I’m been around too long to take “the Republicans are finished” or “the Democrats are finished” seriously, as one or the other has been offered every couple of years since I started voting 30 years ago.
One correction, I apologize for writing Mr. Joyner above, it should be Dr. Joyner.
“You didn’t see a lot of people questioning McCain’s decency and integrity in 2000 after all.”
No, because he was a wimpy candidate who let Team Bush smear him. I’m sure they’ll treat him nicely if he allows Obama to walk all over him, too.
Charles Austin is correct. Just a few years ago, I remember talk of a permanent Republican majority.
It was mostly my fault. By nature I am belligerent, but right now I am exceedingly frustrated.
Look, the knee-jerk response to kick Klein off the plane is, as I said earlier, a symptom and a cause of the current mess the GOP finds itself in. The manichaean “with us or against us” is the root cause of the current Republican decline, and I will get back to that in a minute.
But if nothing else, let me explain why kicking Klein off the plane was a bad idea on a number of levels. Tactically, it was disastrous. In the short term you have a number of stories about a campaign so insecure they can not handle dissent, treating a member of the press with complete disdain. Right now at Swampland, Joe Klein is the one explaining why it was ok- making him look better and the campaign look smaller with his graciousness.
Strategically, it was worse- now you have a press that is overtly suspicious and untrusting- a long-term problem for any campaign. Additionally, it feeds the Obama campaign narrative regarding McCain’s temperament, and it feeds all the stories regarding how this is a different John McCain from previous years.
Finally, politically, this is a disaster. A movement with ideas fueling them, on the right side of issues, can take tough pieces on them.

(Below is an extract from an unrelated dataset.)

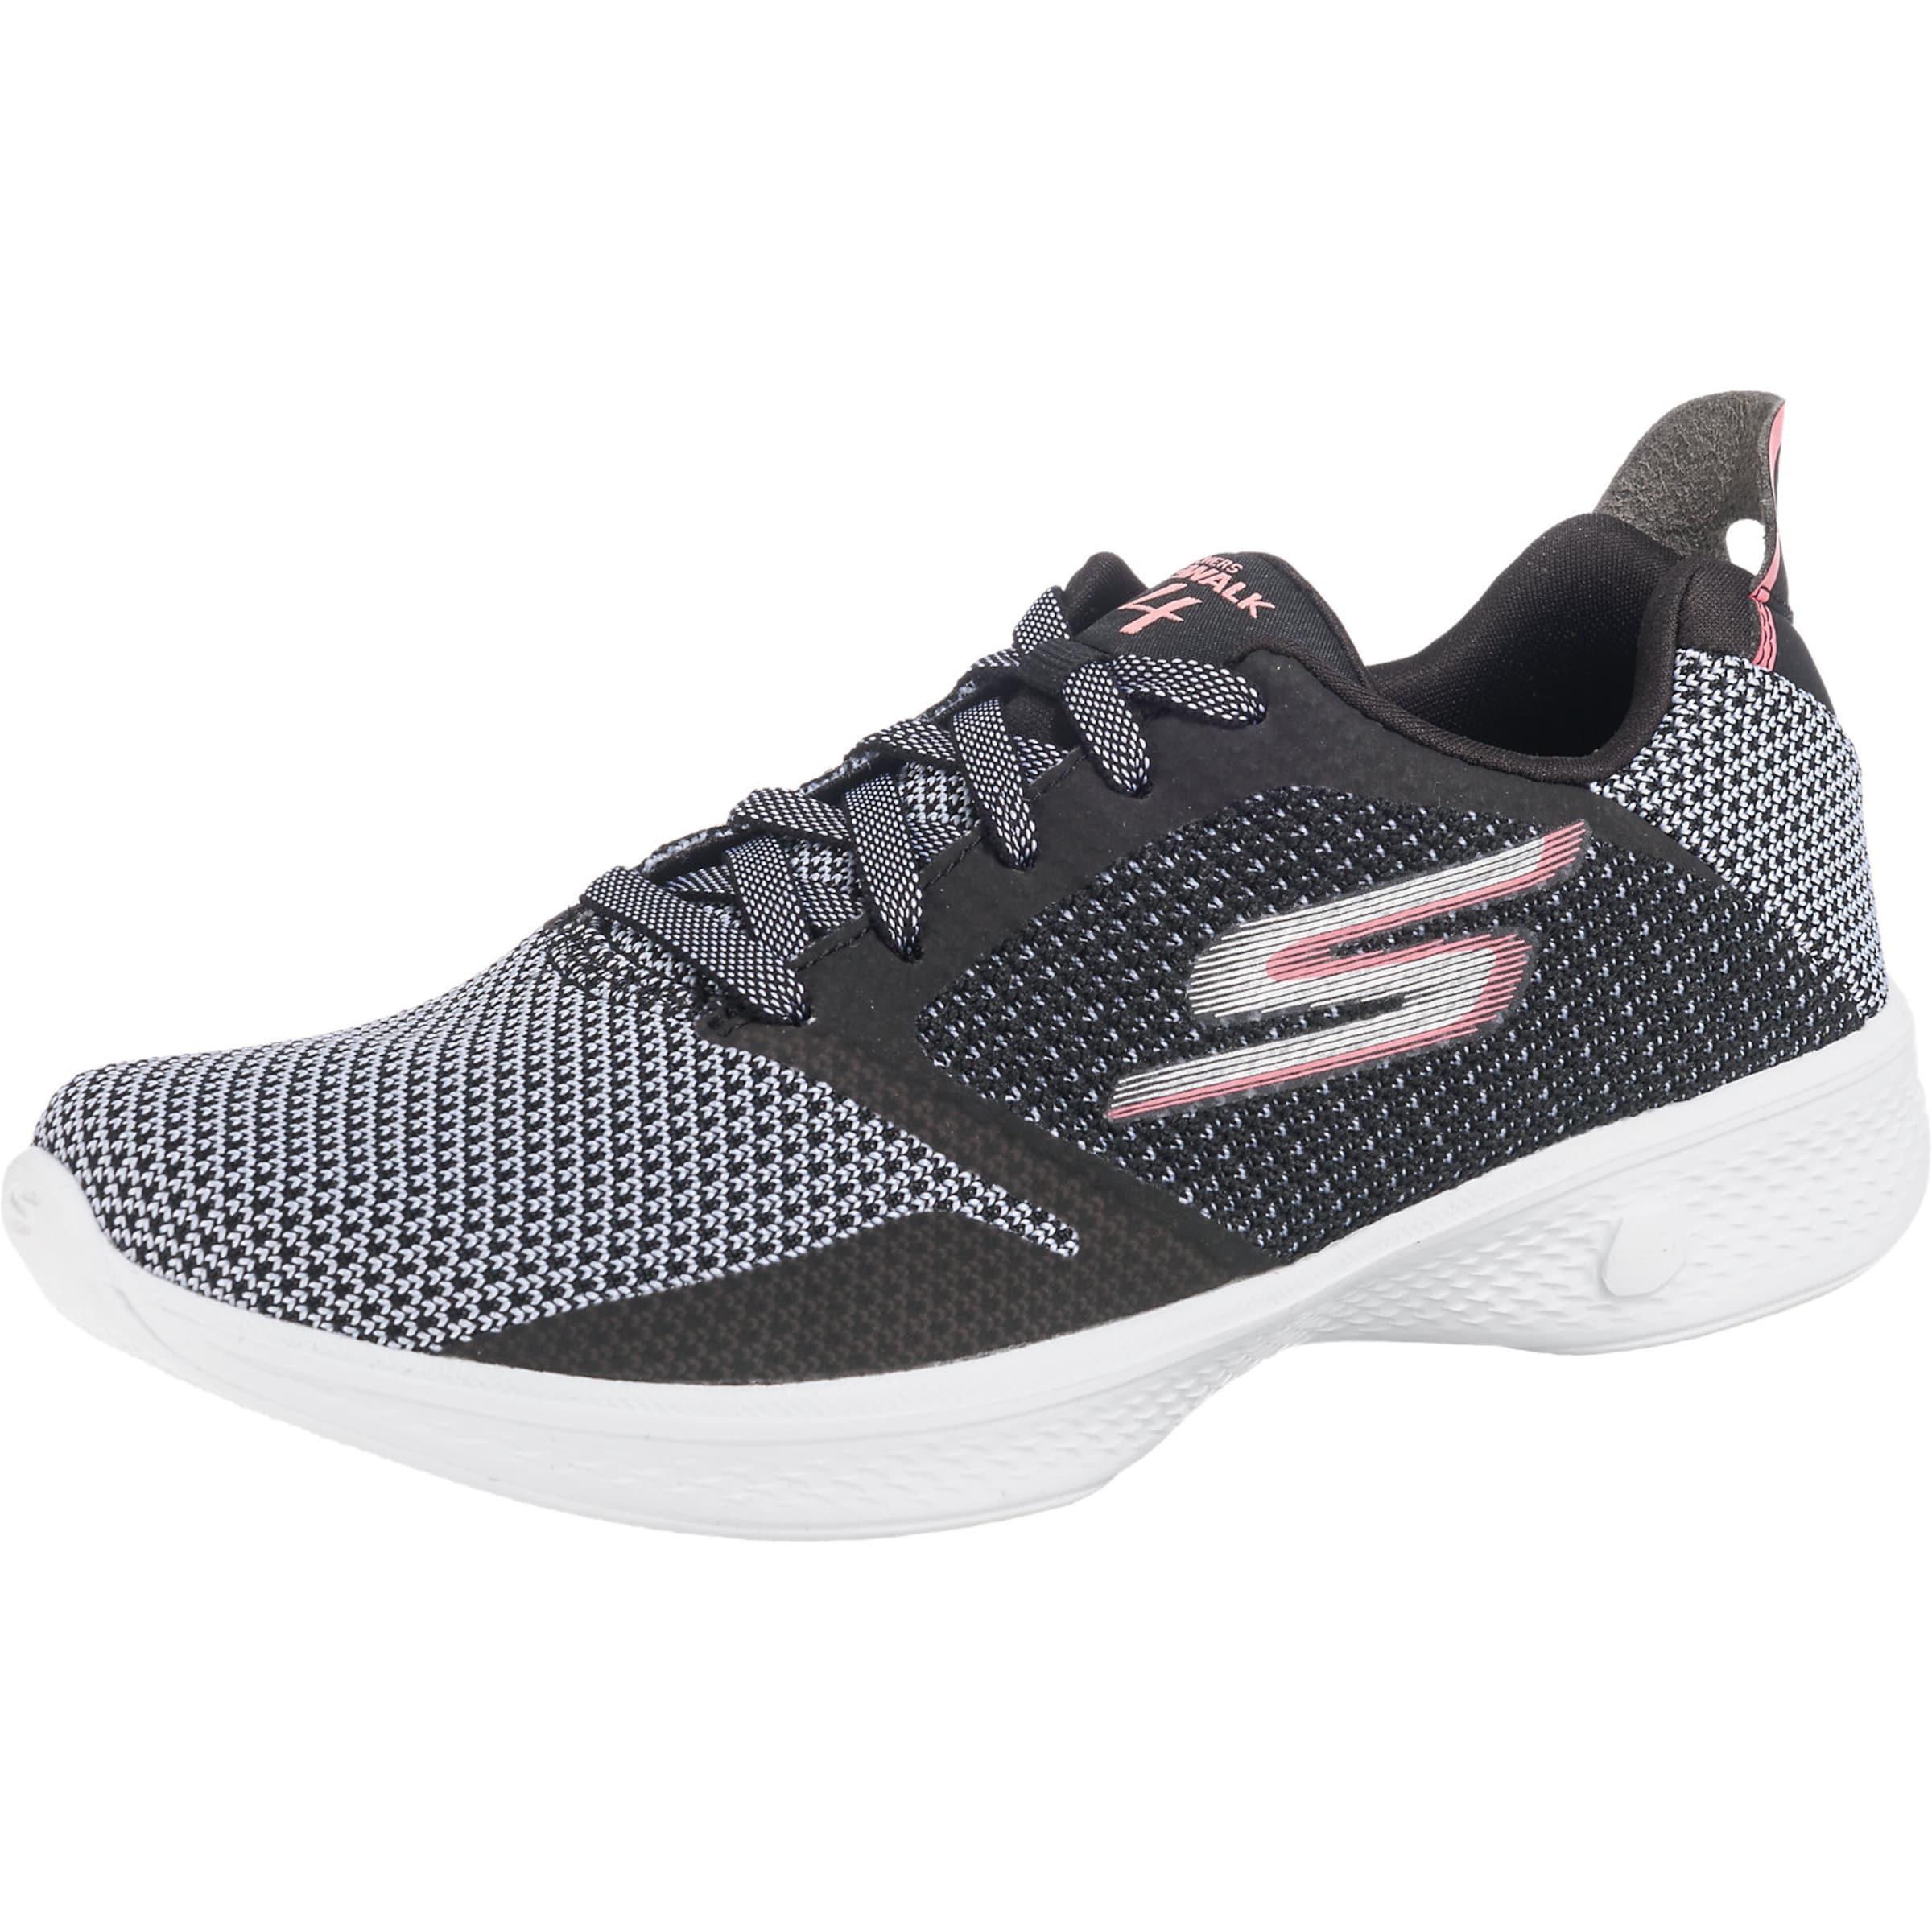 4' Walk 4' Sneakers Walk 'Go SKECHERS SKECHERS Low 'Go xYwEBqwH41
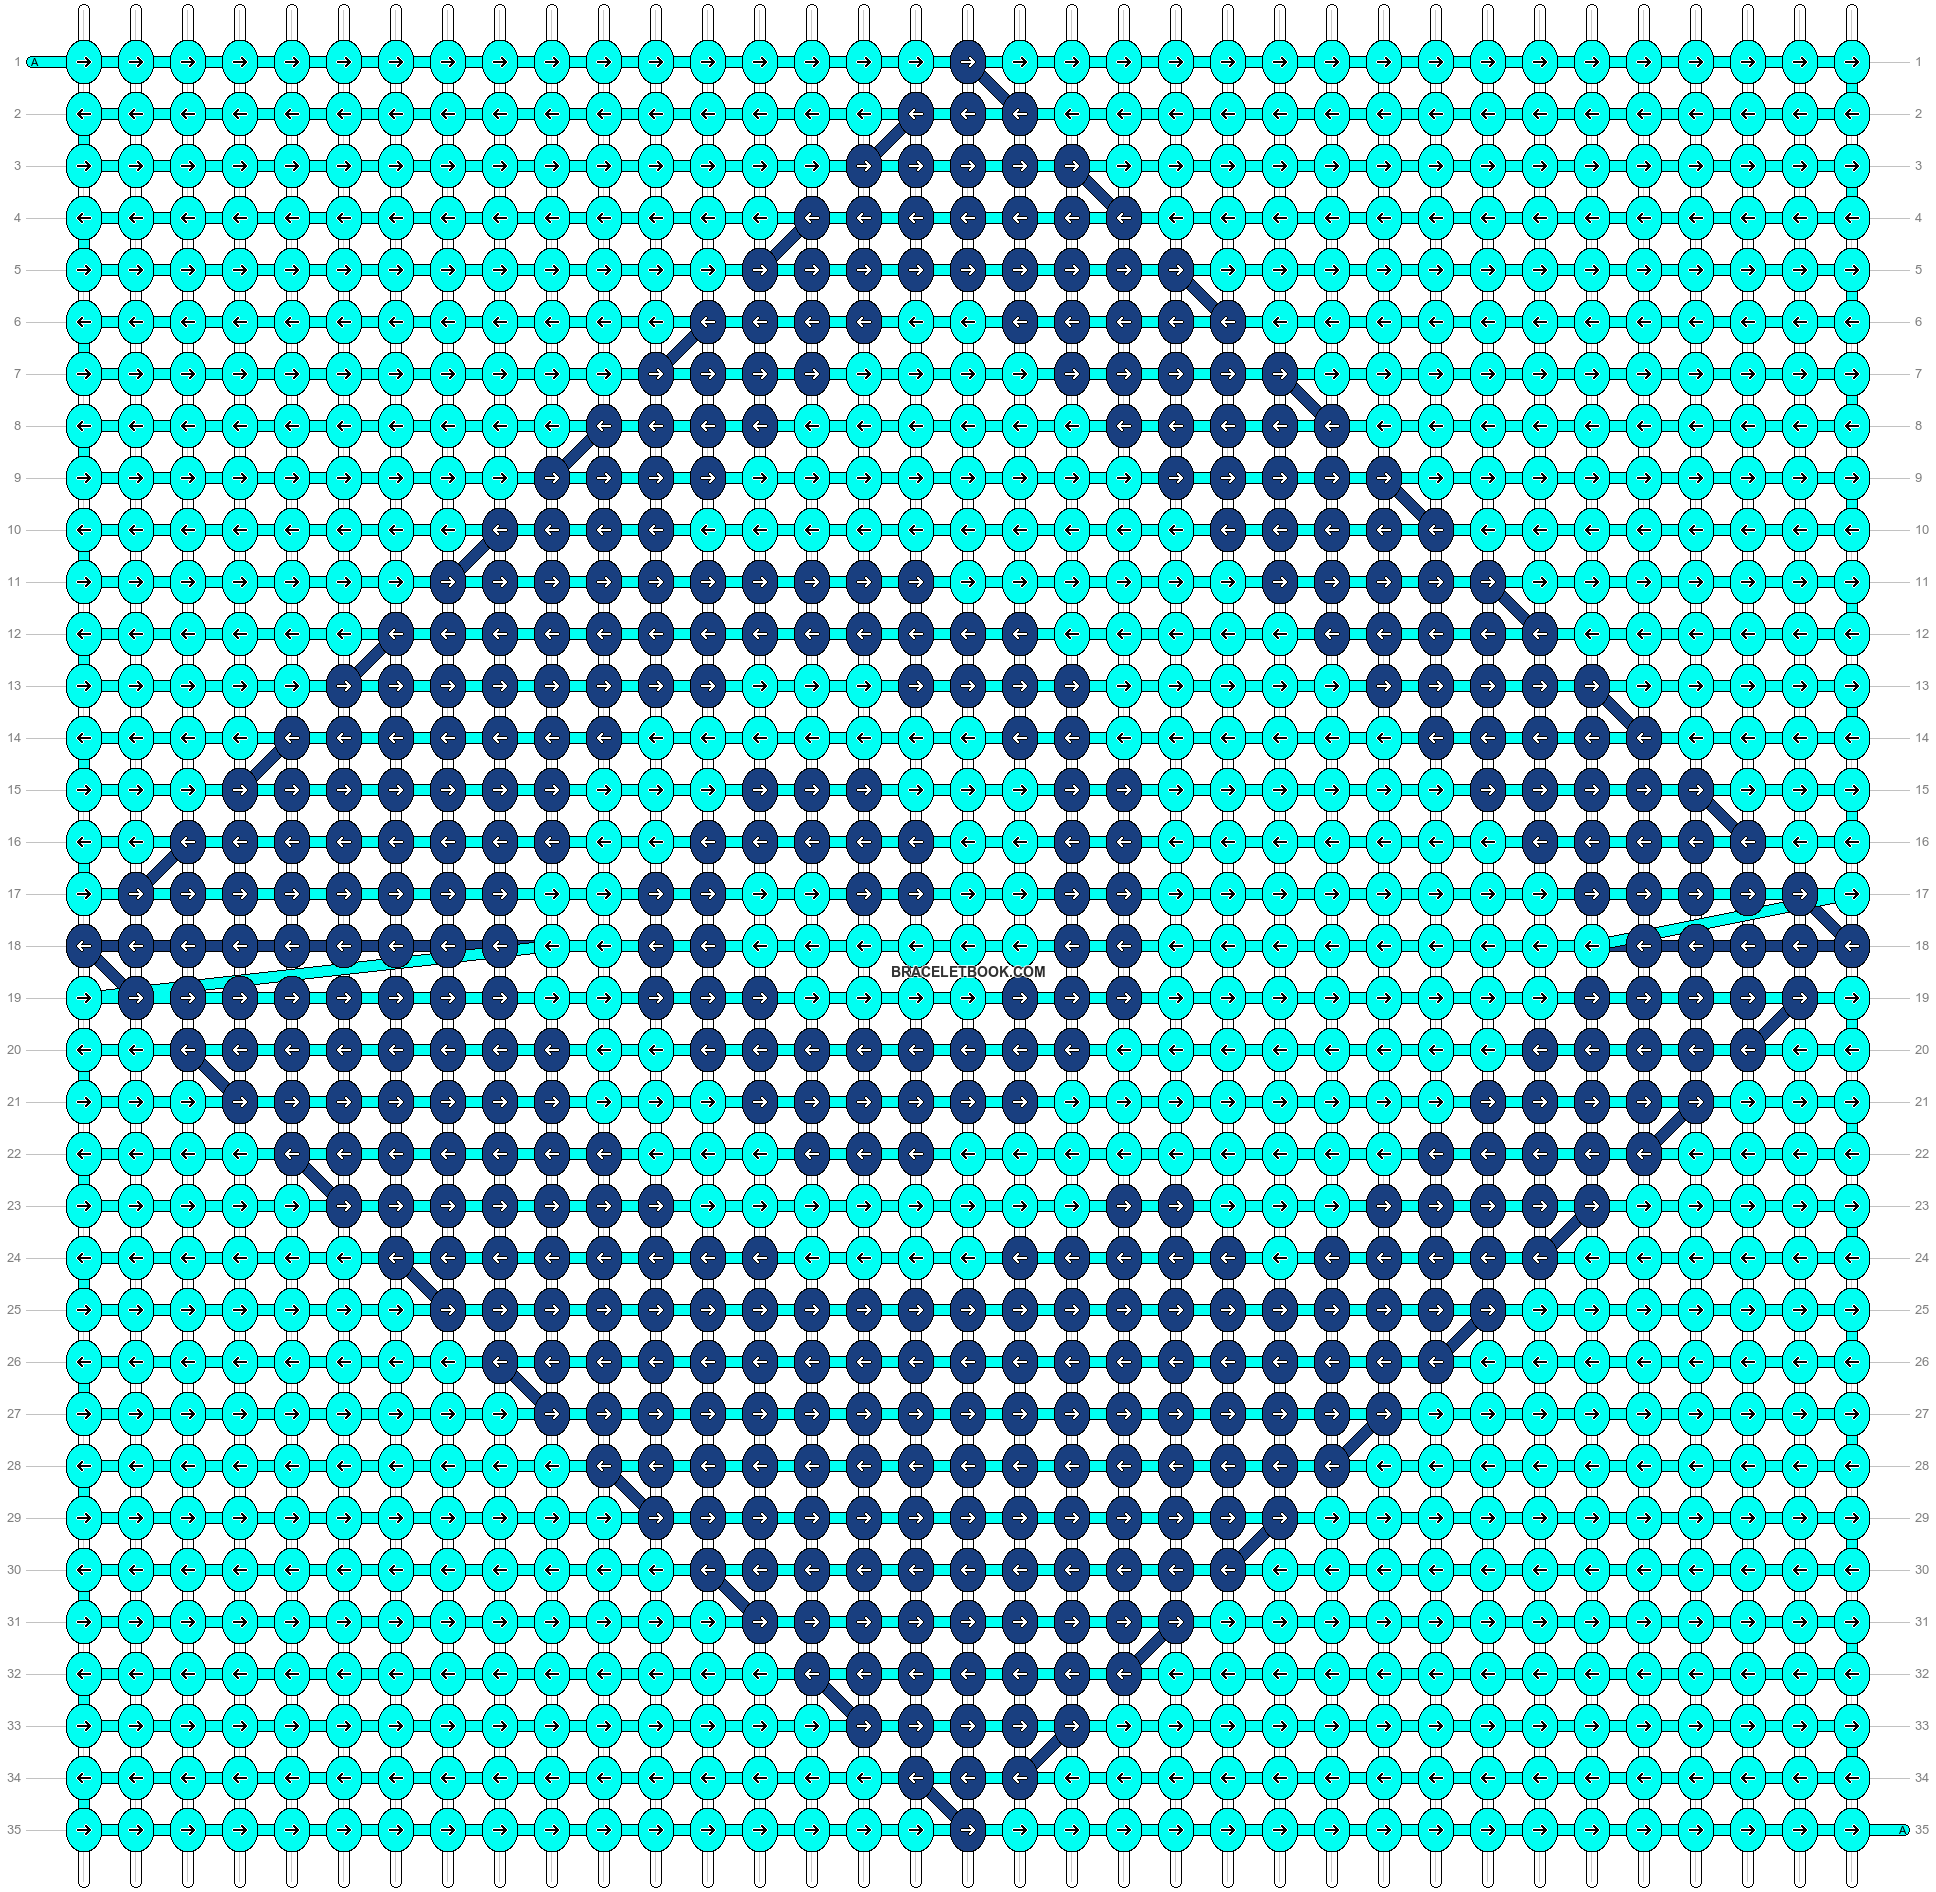 Alpha Pattern #22404 added by ValkyrieL

Furthermore, every movement needs tough pieces so they reflect on what they are doing. Self-reflection, contrary to what Bush and Palin think, is a good thing.
All the way around, this was a bad idea. Just keep him on the damned plane and vigorously disagree with him. Same with Maureen Dowd.
But back to the main point- the political aspect. The Republican party is where they are because they have spent the last few years simply “being better than the alternative,” which is the Democrats. And they internalized it- the Democrats are worse, the Democrats are worse- it is a mantra and matter of fact with every right-wing blog. There is no reflection on whether or not that is, in fact, true, and now, it seems, the majority of the public disagrees with the assessment. Part of how we got there was by shutting down all dissent- demonizing, villifying, and tightening the belt. The big tent is now a small tent of true believers, and who knows what they believe in? Their positions are malleable- whatever Bush and Rove and Cheney say are good, they support
Long story short- had the GOP spent more time reading folks who criticized them and crafted better policy, rather than enforcing, they would not be where they are.
I see kicking Joe Klein off the airplane as the perfect example as to how the current GOP got where it is right now.
Part of how we got there was by shutting down all dissent- demonizing, villifying, and tightening the belt.
I would point out that while I agree with this comment it isn’t a problem unique to the GOP. GOP candidates and politicians have spent a lifetime being demonized and villified.
I think in general both sides of the aisle spend way too much time paying the virtuous while accusing the other side of all manner of evil.
This is a problem in both parties, and it is one I think is only going to get worse.
“Name Brand Columnists”? Wow! They’re segeragting themselves now! guess what, oh vaunted namebrands, people don’t read you rspew anymore becasue You Refuse To Report The News. You continue to report on the world, as you wish it would be, instead of as it actually is. And the American reader is far too intelligent to succumb to your fantasyAct anymore. We know where to go fro the truth, we know how to get to the actual event footage, and transcripts and won’t tolerate your filters and skews and corruptions of the truth anymore.
lol, when? I missed it?
G.A: Sarcasm….
Of course FOX couldn’t say “asshole” on the air.